■ **DATASET EXTRACT**
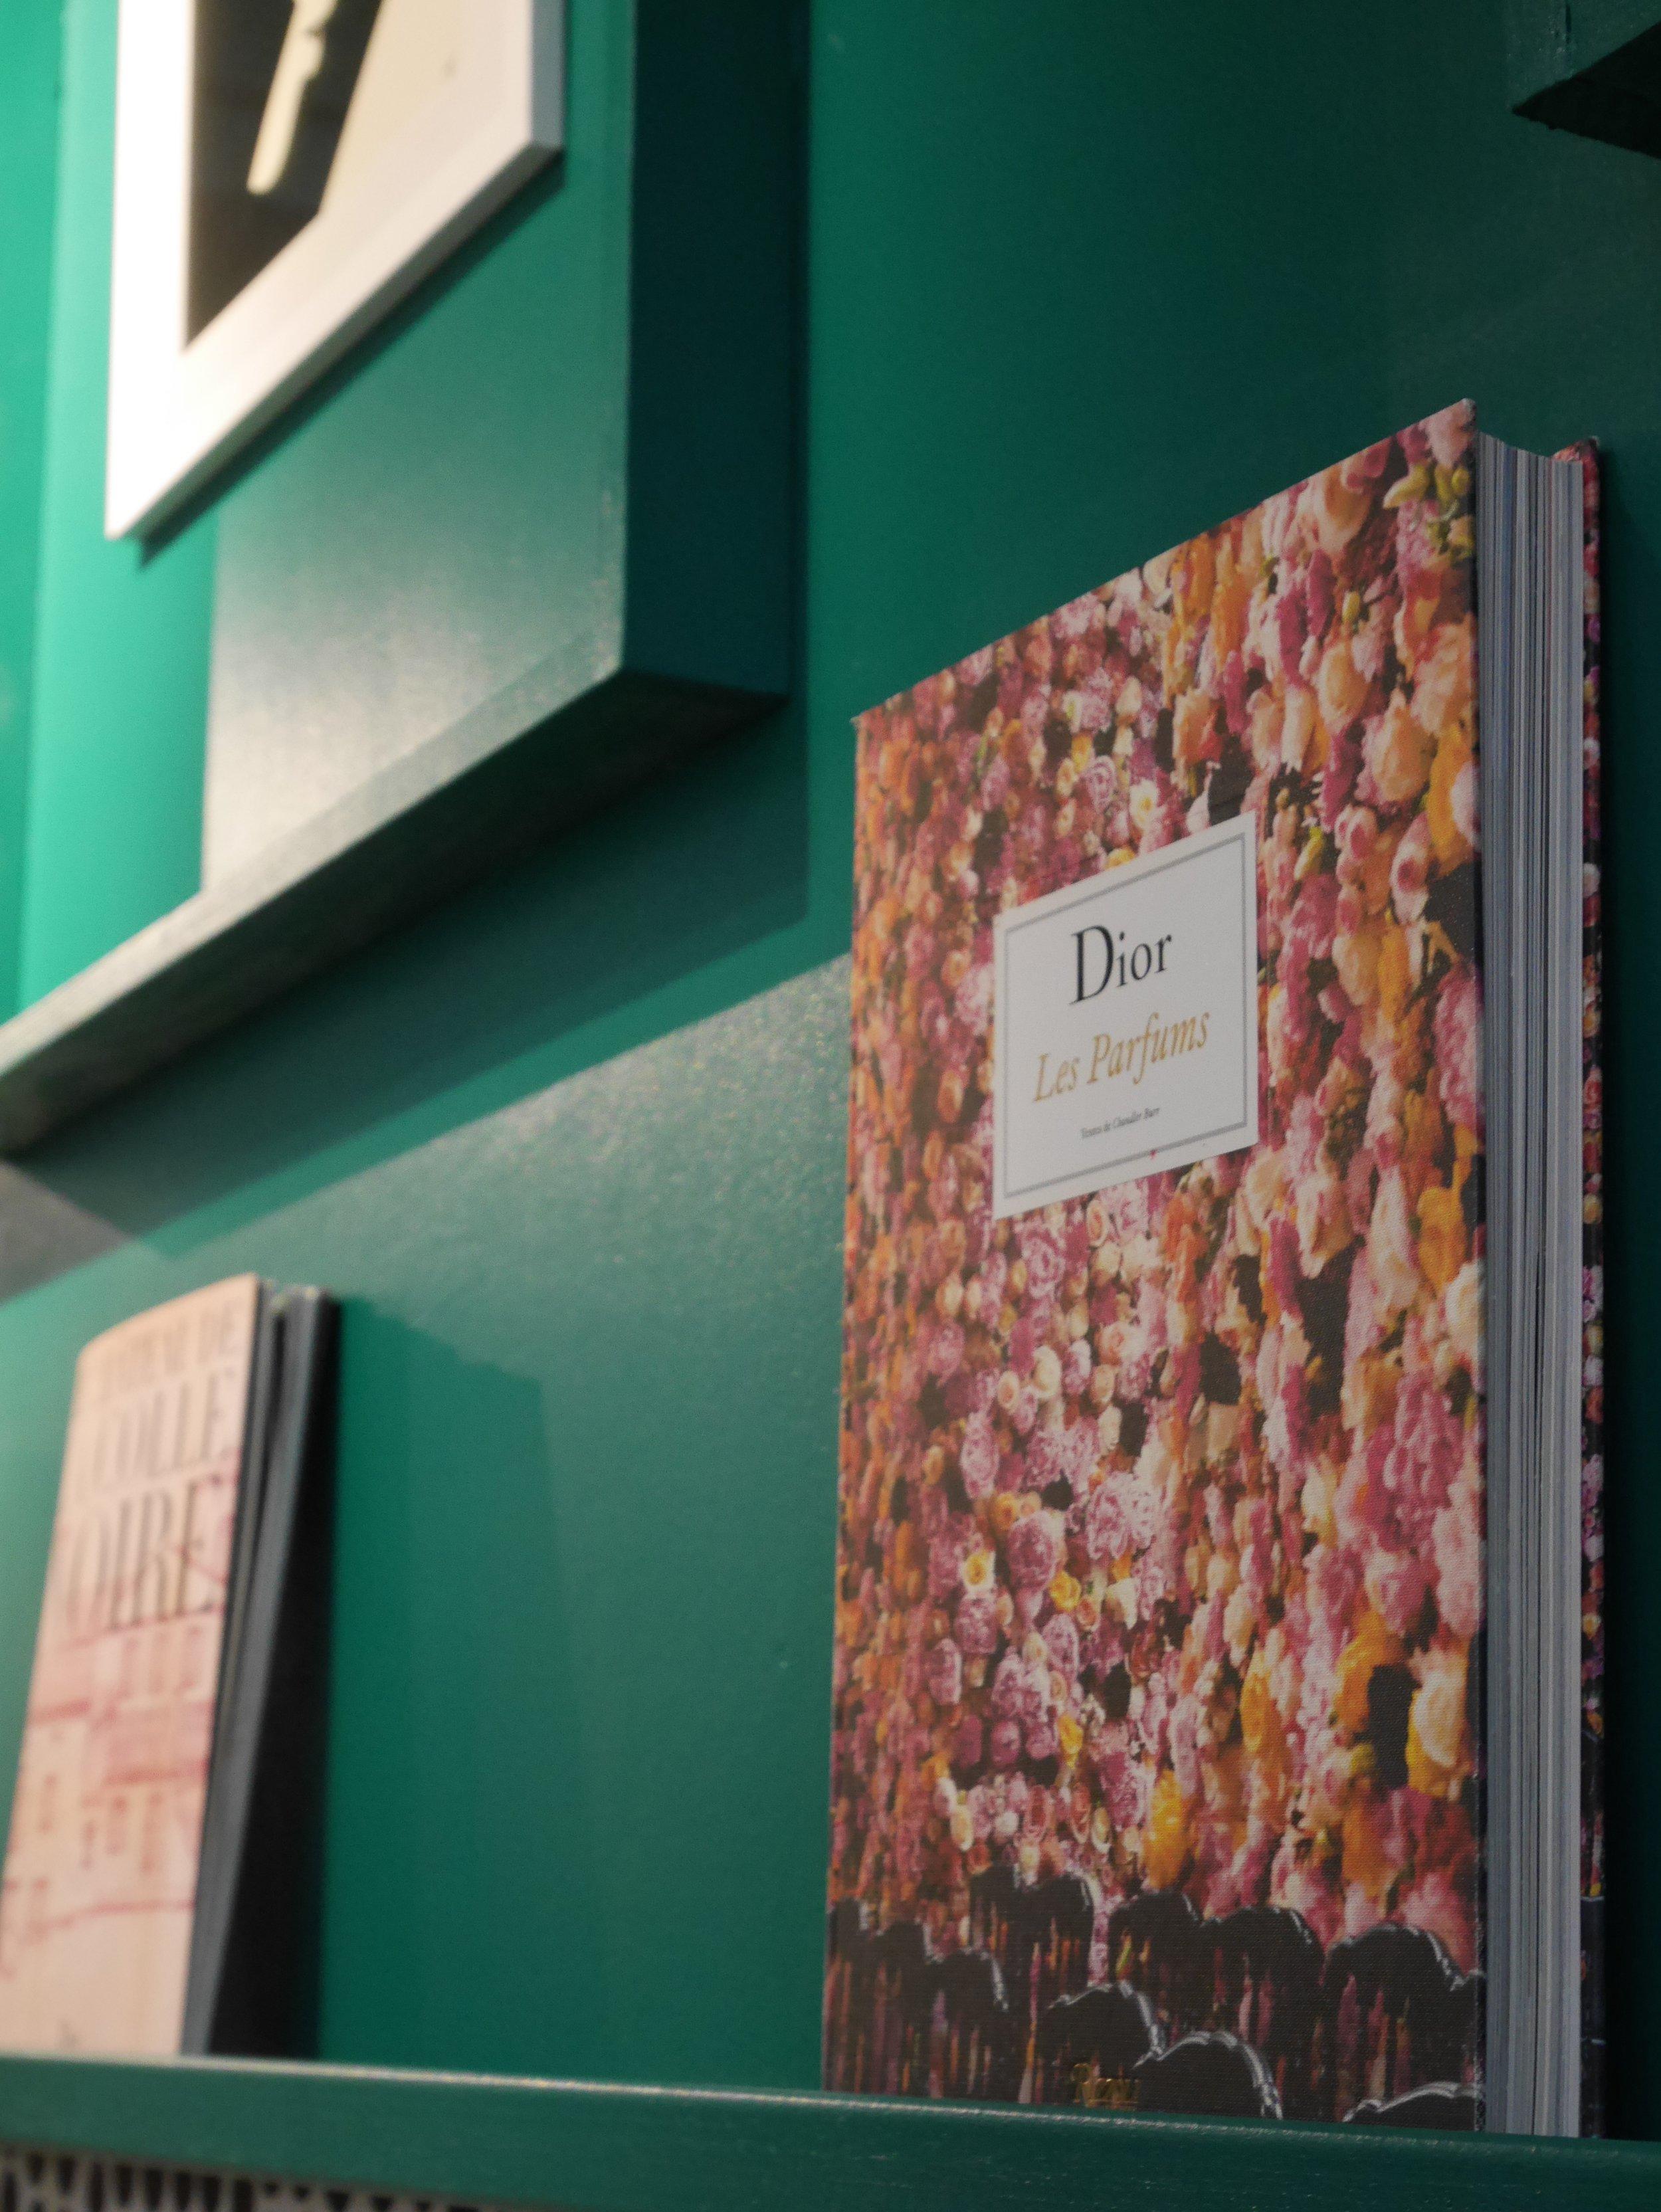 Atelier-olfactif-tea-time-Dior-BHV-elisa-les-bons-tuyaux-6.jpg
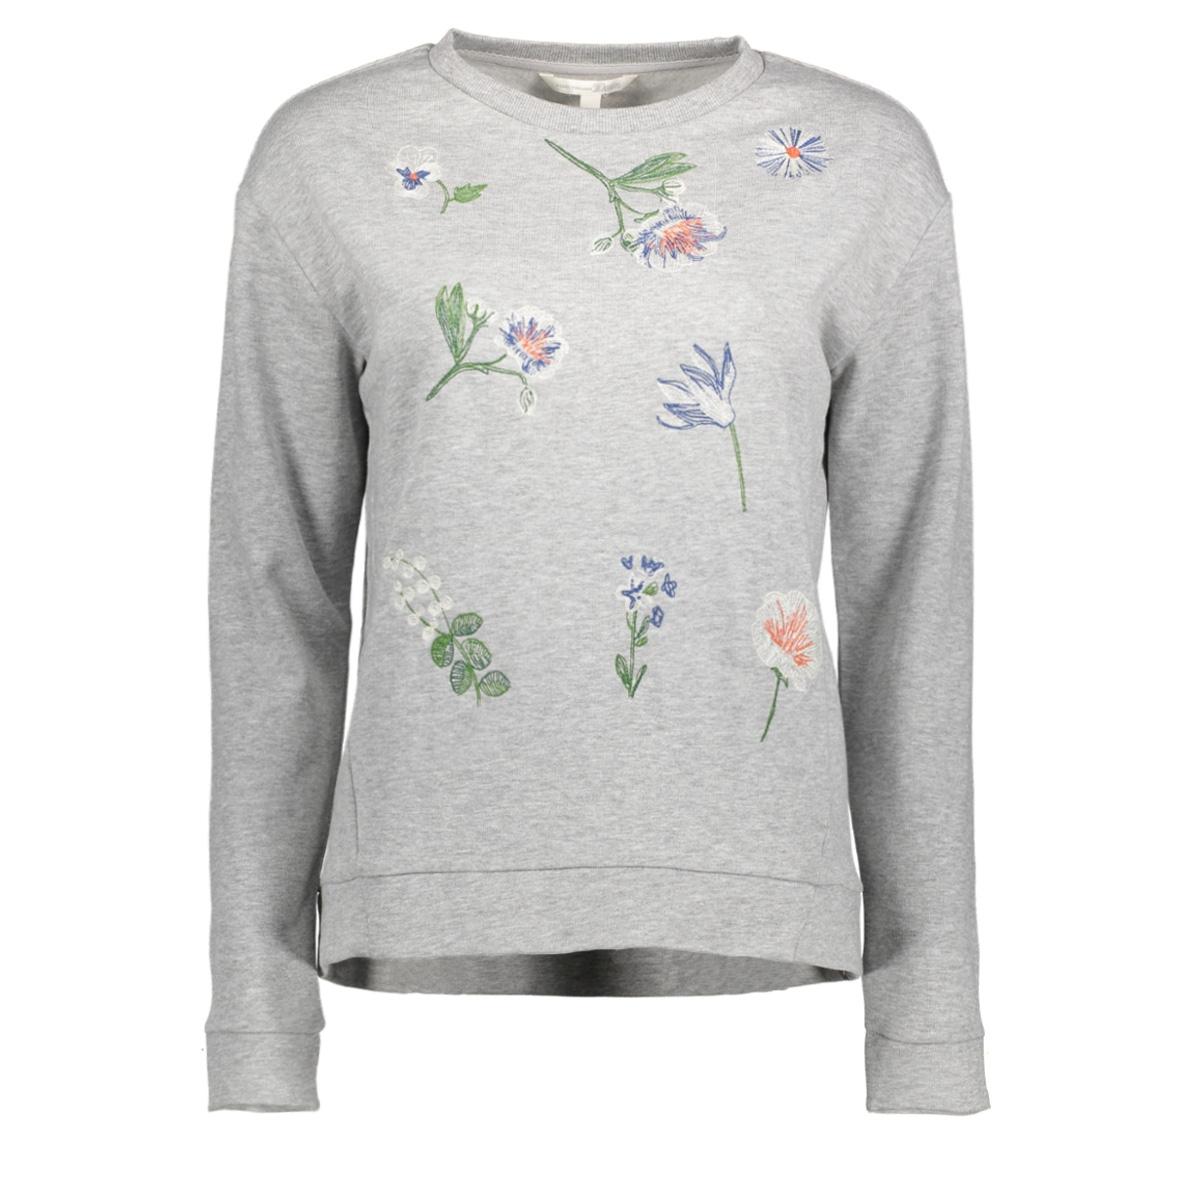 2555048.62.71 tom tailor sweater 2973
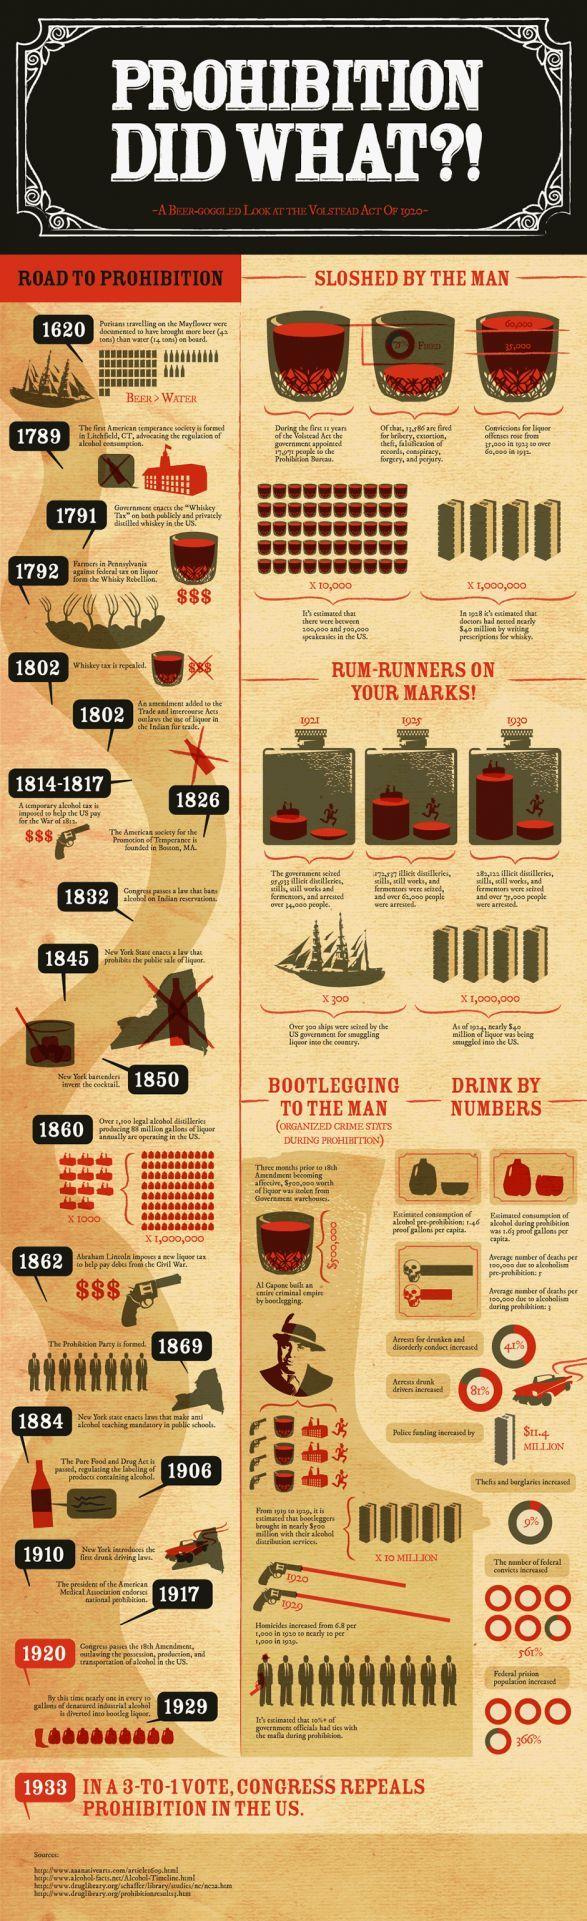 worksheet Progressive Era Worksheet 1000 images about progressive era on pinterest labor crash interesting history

■ **REQUIRED ACTION**
Omit the pictures and reproduce the remaining material above exactly.

■ **FINISHED EXERCISE**
 Atelier-olfactif-tea-time-Dior-BHV-elisa-les-bons-tuyaux-6.jpg
 2555048.62.71 tom tailor sweater 2973
 worksheet Progressive Era Worksheet 1000 images about progressive era on pinterest labor crash interesting history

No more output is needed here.